I was able to avoid the error by using a different optimizer:
model.compile(optimizer='rmsprop', loss='mse'),
so perhaps it's related to the choice of optimizer?

joosephook on 11 Feb 2019

Interesting.

I did my initial tests on several optimizers (adam, rmsprop, adagrad, adadelta, sgd), but on tensorflow 1.6.0 (which is a version I use in production). This test failed for all of them.
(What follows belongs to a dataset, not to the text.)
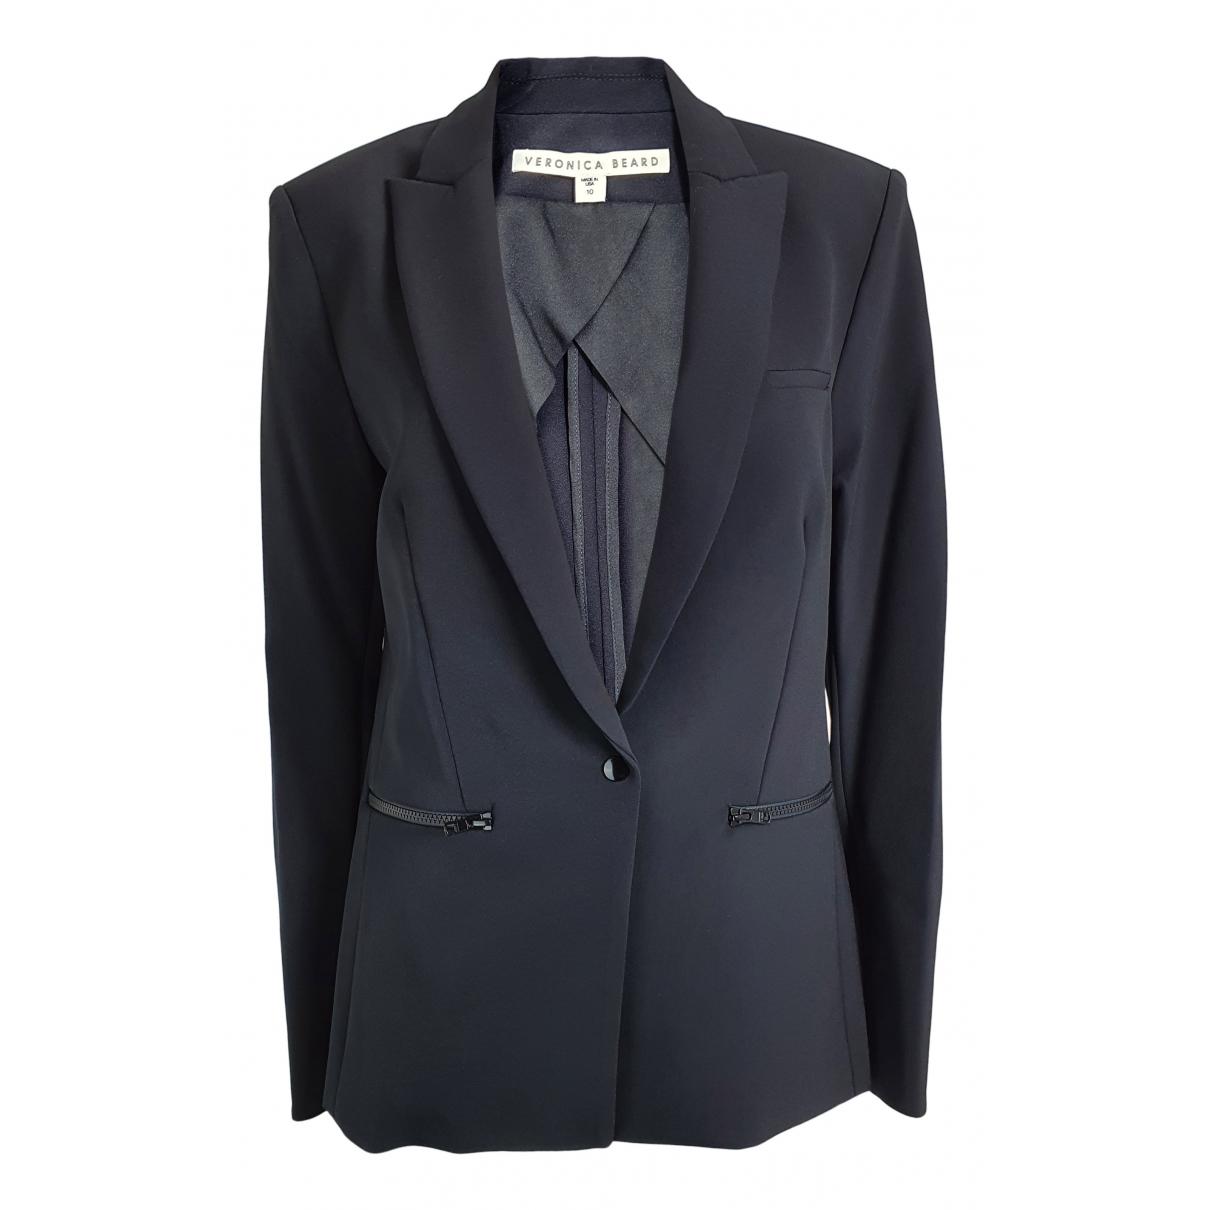 Veronica Beard \N Black jacket for Women 10 US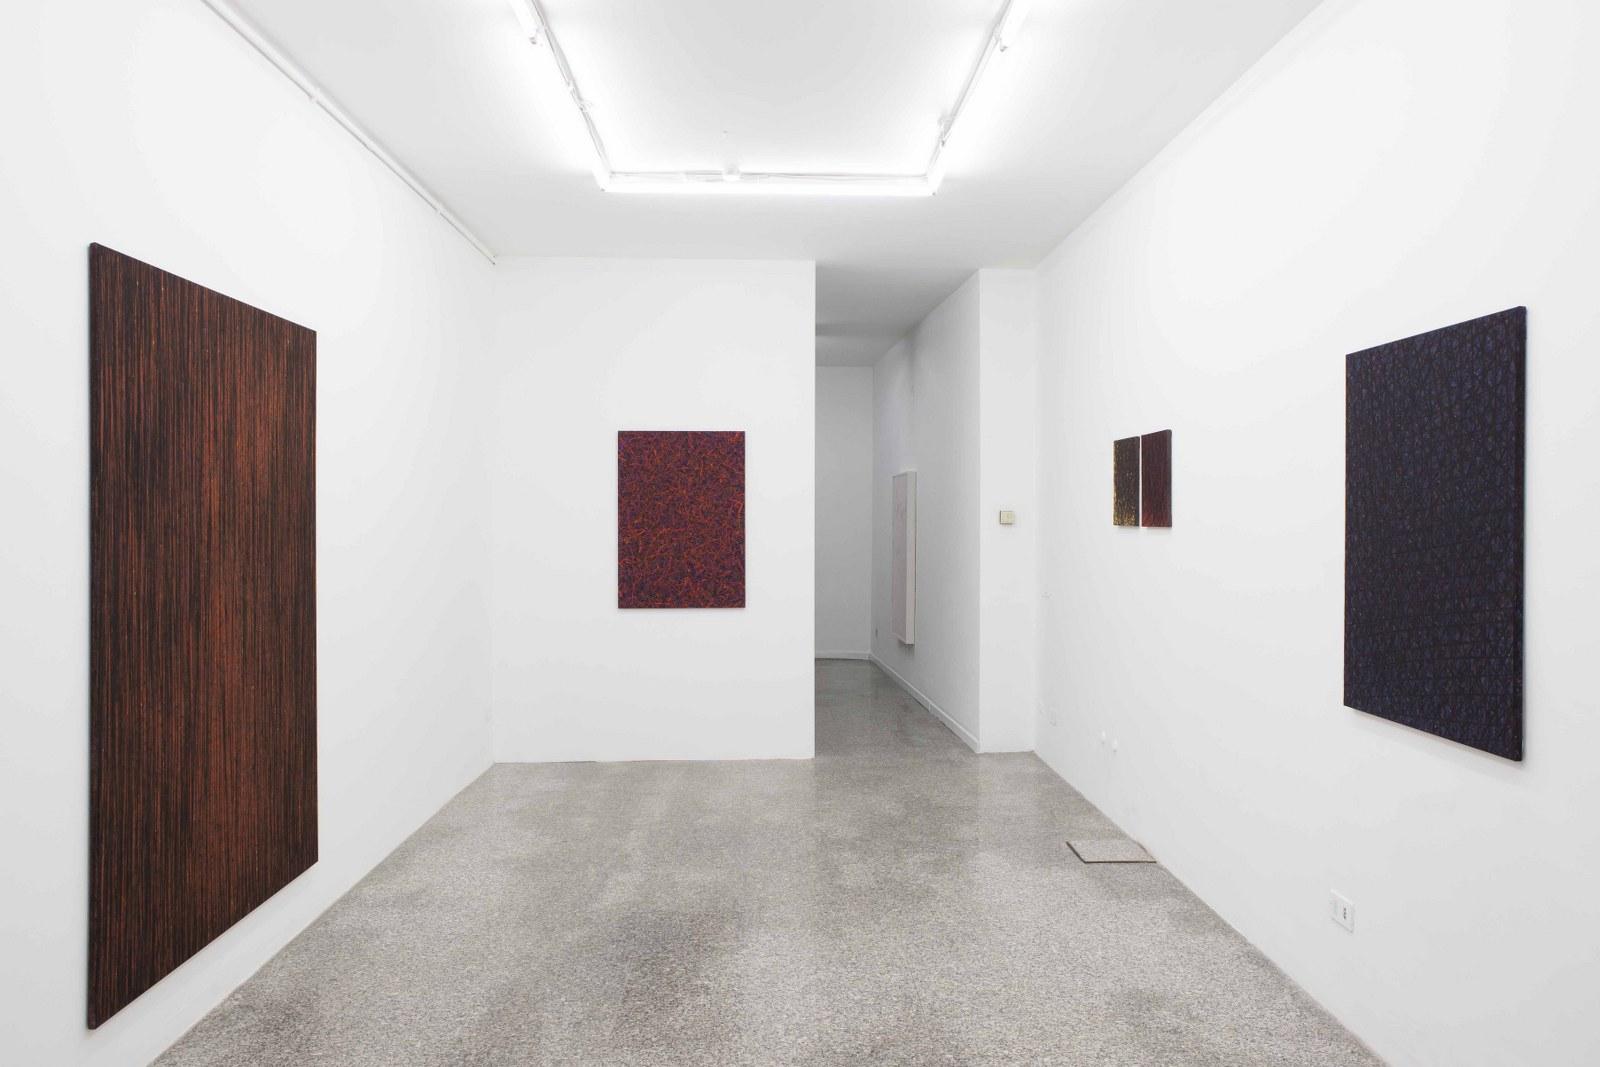 03 - exhibition view - Luca Macauda da A+B, Brescia 2015 - foto Davide Sala_1600x1067

I tried this on tensorflow 1.12.2 & adam just to confirm it is reproducible on newer version.

vikua on 11 Feb 2019

Looks like it is something in Keras optimizer. If I compile model with tensorflow tf.train.AdamOptimizer (or any other optimizer) the issue is not reproducible:

    optimizer = tf.train.AdamOptimizer(learning_rate=0.01)
    model.compile(optimizer=optimizer, loss='mse')

vikua on 12 Feb 2019

👍2

joosephook on 15 Feb 2019

👍4

@vikua I ran the code in TF1.12, I don't see any issues. Thanks!
Downloading data from https://s3.amazonaws.com/keras-datasets/boston_housing.npz
57344/57026 [==============================] - 0s 2us/step
Epoch 1/5
404/404 [==============================] - 1s 2ms/step - loss: 268.9717
Epoch 2/5
404/404 [==============================] - 0s 83us/step - loss: 188.8862
Epoch 3/5
404/404 [==============================] - 0s 87us/step - loss: 111.6779
Epoch 4/5
404/404 [==============================] - 0s 97us/step - loss: 55.7327
Epoch 5/5
404/404 [==============================] - 0s 97us/step - loss: 42.7104
Epoch 1/5
404/404 [==============================] - 1s 2ms/step - loss: 268.9717
Epoch 2/5
404/404 [==============================] - 0s 88us/step - loss: 188.8862
Epoch 3/5
404/404 [==============================] - 0s 90us/step - loss: 111.6779
Epoch 4/5
404/404 [==============================] - 0s 86us/step - loss: 55.7327
Epoch 5/5
404/404 [==============================] - 0s 93us/step - loss: 42.7104

jvishnuvardhan on 22 Feb 2019

Looks like it is something in Keras optimizer. If I compile model with tensorflow tf.train.AdamOptimizer (or any other optimizer) the issue is not reproducible:
    optimizer = tf.train.AdamOptimizer(learning_rate=0.01)
    model.compile(optimizer=optimizer, loss='mse')

Thank you so much @vikua and @joosephook for this discussion.. I had searched everywhere, tried all things and nothing helped but following your suggestions, the results are reproducible now and across different machines (having different OS) as well!